The skill-writer is large — does it actually work as intended? The meta-skill has SKILL.md (73 lines) + 12 reference files + 3 example case studies + a validation script. That's substantial context to load and follow. The design principles document says "if a senior engineer would skip reading it, the agent doesn't need it either" — but would a senior engineer read all 12 reference files? The progressive disclosure design (only load the path you need) mitigates this, but it depends on the agent correctly identifying which paths to follow. Failure mode: the agent loads SKILL.md, skims the step table, and goes straight to authoring without running synthesis depth gates — exactly the shallow skill creation the gates are designed to prevent.

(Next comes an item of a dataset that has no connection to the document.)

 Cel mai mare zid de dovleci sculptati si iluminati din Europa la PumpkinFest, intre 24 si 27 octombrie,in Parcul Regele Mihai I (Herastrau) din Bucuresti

Depth gates claim structural enforcement, but are they really structural? The gates are written in natural language: "no missing high-impact coverage dimensions," "stopping rationale is explicit." These are instructions to an LLM, not machine-checkable assertions. The quick_validate.py script exists but only checks structural properties (frontmatter format, directory naming), not coverage depth. So the depth gates are at the skill level on the enforcement gradient, not at the hook or script level — they depend on the LLM's judgment about whether coverage is sufficient. This means they prevent obviously shallow skills but can't prevent confidently shallow skills (where the LLM believes coverage is adequate but it isn't).

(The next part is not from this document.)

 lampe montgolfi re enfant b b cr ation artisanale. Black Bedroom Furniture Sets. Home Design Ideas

The security-review skill is the strongest artifact in the repo. It demonstrates the full pattern: OWASP-sourced domain knowledge → progressive disclosure via decision tables → false-positive controls built from real counterexamples → confidence-calibrated reporting. The explicit "do not flag" section (framework-mitigated patterns, server-controlled values) is as important as the "always flag" section — it shows that the synthesis process generates negative constraints, not just positive ones. This is the claim that source material selection matters more than prompt engineering, made concrete.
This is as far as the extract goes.